Vibrating the water has the effect of “frustrating” the water molecules nearest to the electrodes

Thursday, December 22nd, 2022

“Green hydrogen” is created through electrolysis, which goes much faster, RMIT researchers found, when you apply high-frequency sound waves:

So why does this process work so much better when the RMIT team plays a 10-MHz hybrid sound? Several reasons, according to a research paper just published in the journal Advanced Energy Materials.

Firstly, vibrating the water has the effect of “frustrating” the water molecules nearest to the electrodes, shaking them out of the tetrahedral networks they tend to settle in. This results in more “free” water molecules that can make contact with catalytic sites on the electrodes.

Secondly, since the separate gases collect as bubbles on each electrode, the vibrations shake the bubbles free. That accelerates the electrolysis process, because those bubbles block the electrode’s contact with the water and limit the reaction. The sound also helps by generating hydronium (positively charged water ions), and by creating convection currents that help with mass transfer.

In their experiments, the researchers chose to use electrodes that typically perform pretty poorly. Electrolysis is typically done using rare and expensive platinum or iridium metals and powerfully acidic or basic electrolytes for the best reaction rates, but the RMIT team went with cheaper gold electrodes and an electrolyte with a neutral pH level. As soon as the team turned on the sound vibrations, the current density and reaction rate jumped by a remarkable factor of 14.

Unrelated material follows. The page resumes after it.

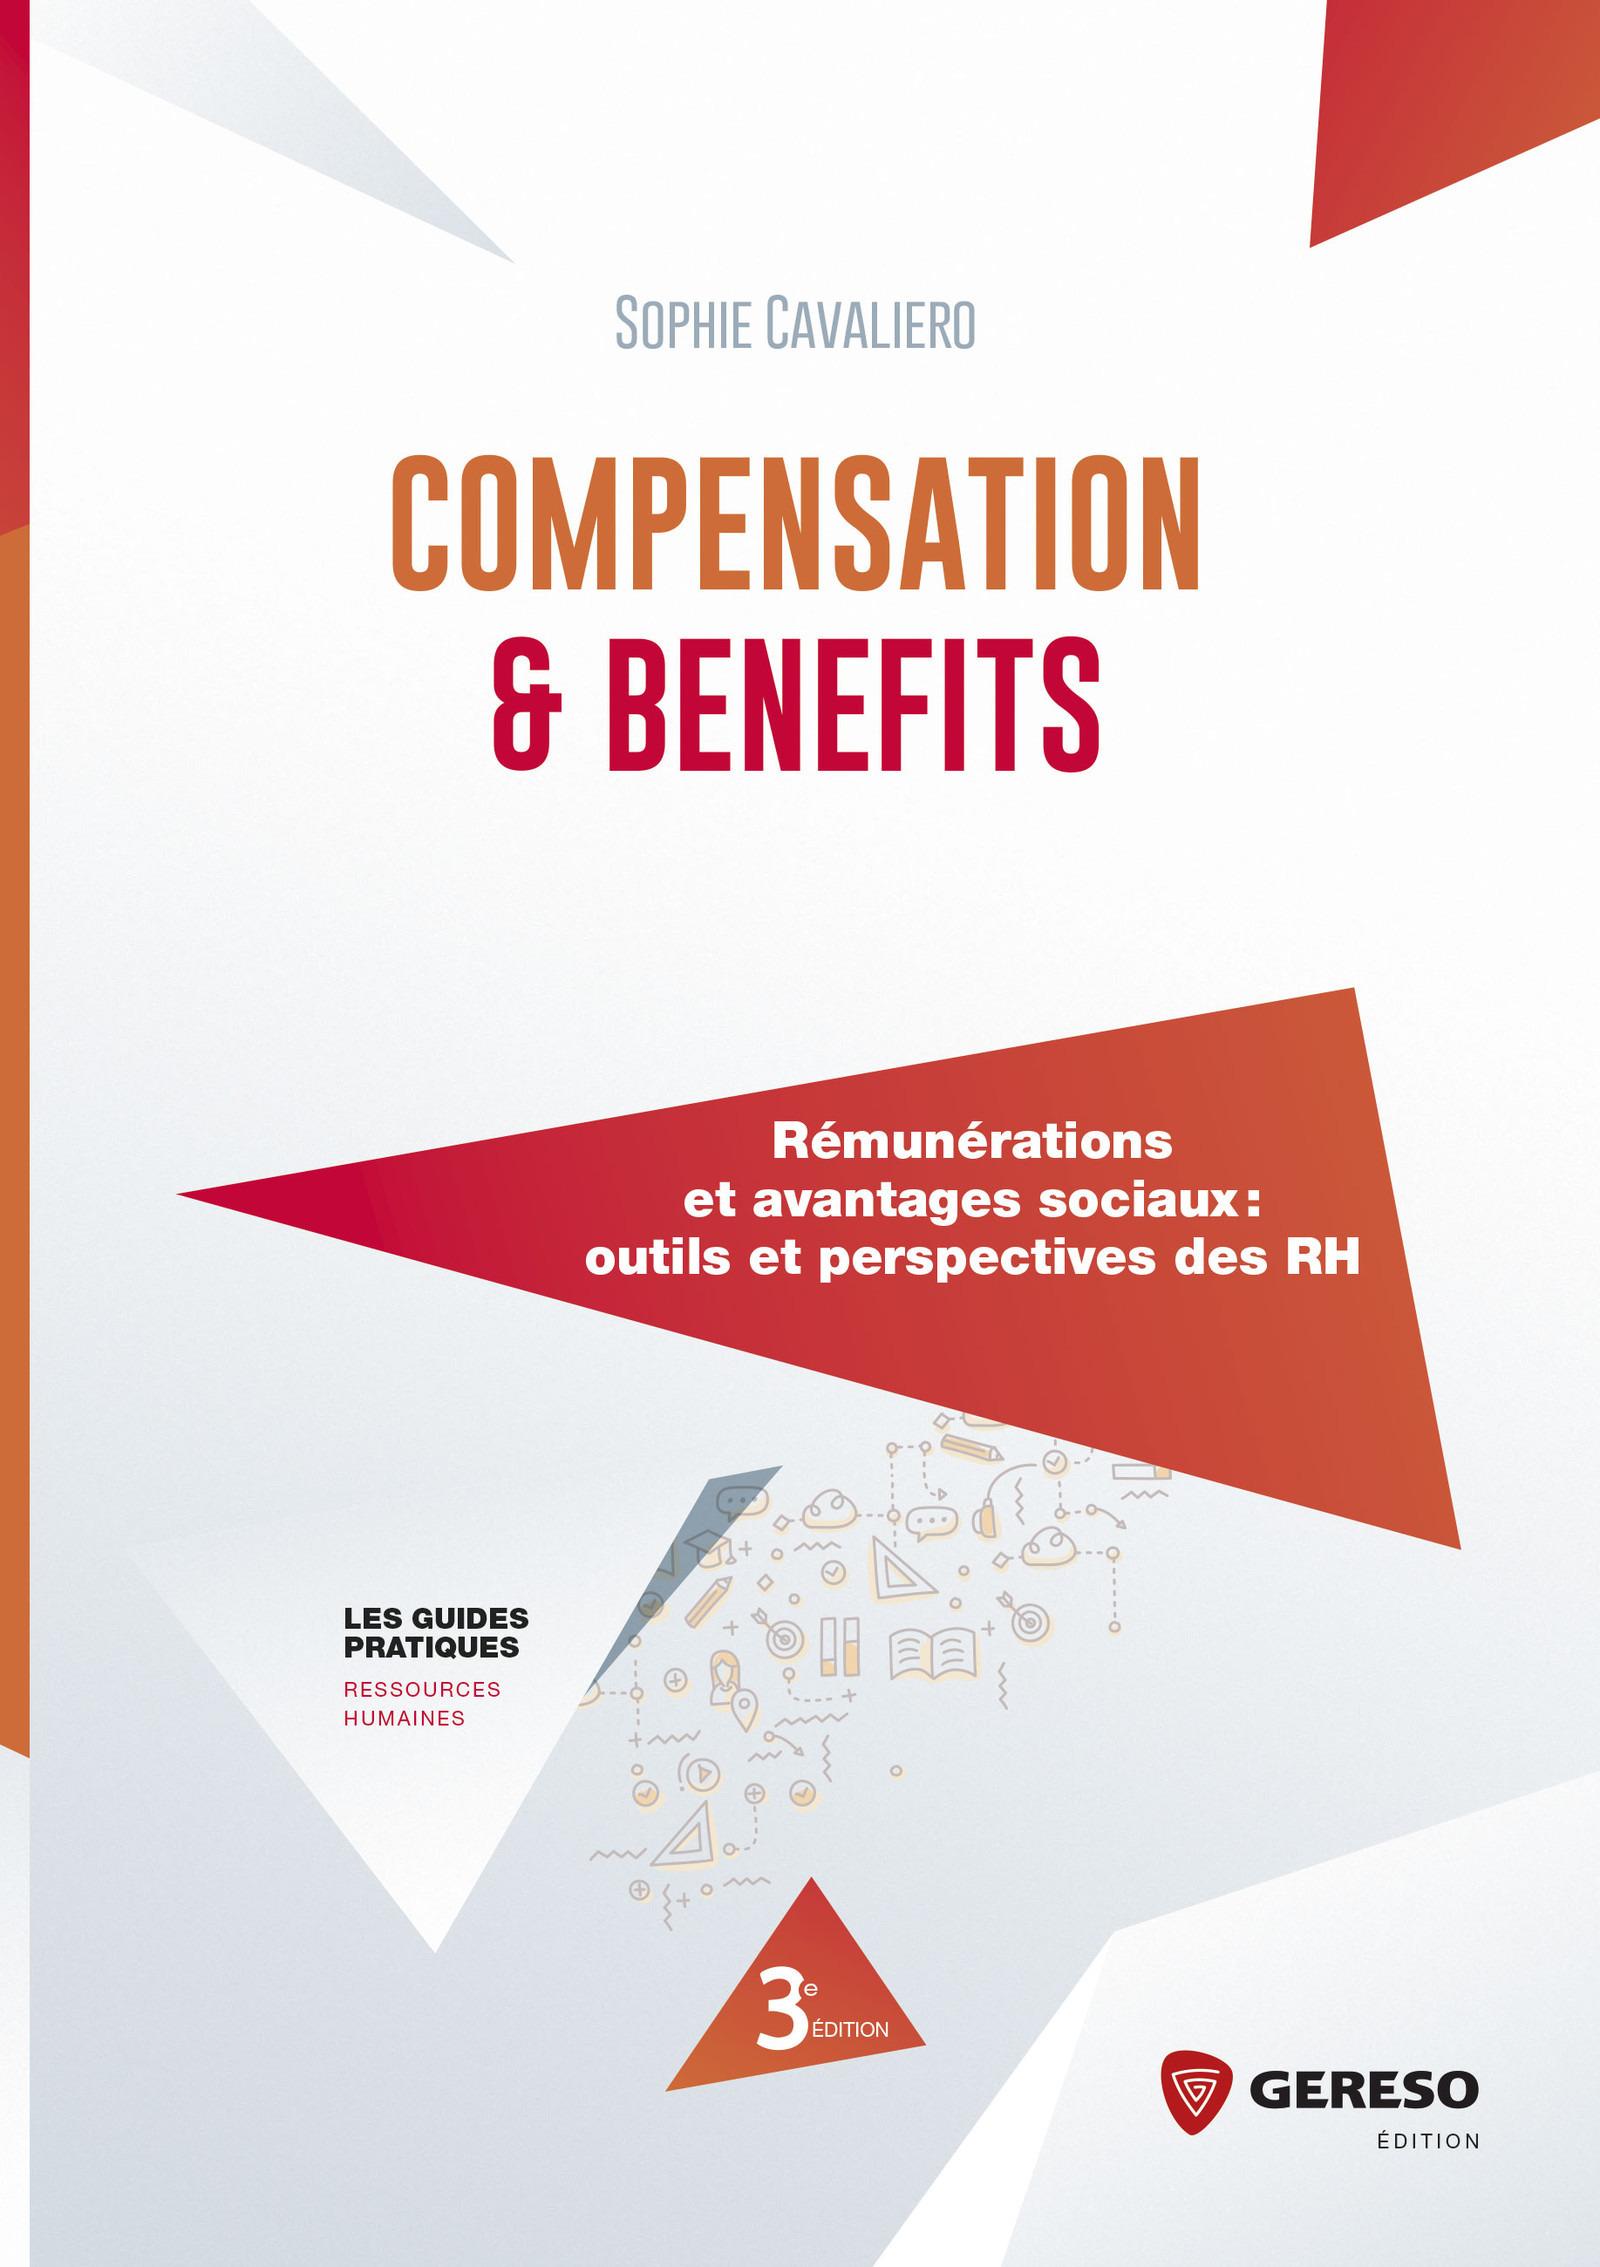 Compensation & benefits ; rémunérations et avantages sociaux, outils et perspectives des RH

So this isn’t a situation where, for a given amount of energy put into an electrolyzer, you get 14 times more hydrogen. It’s a situation where the water gets split into hydrogen and oxygen more quickly and easily. And that does have an impressive effect on the overall efficiency of an electrolyzer. “With our method, we can potentially improve the conversion efficiency leading to a net-positive energy saving of 27%,” said Professor Leslie Yeo, one of the lead researchers.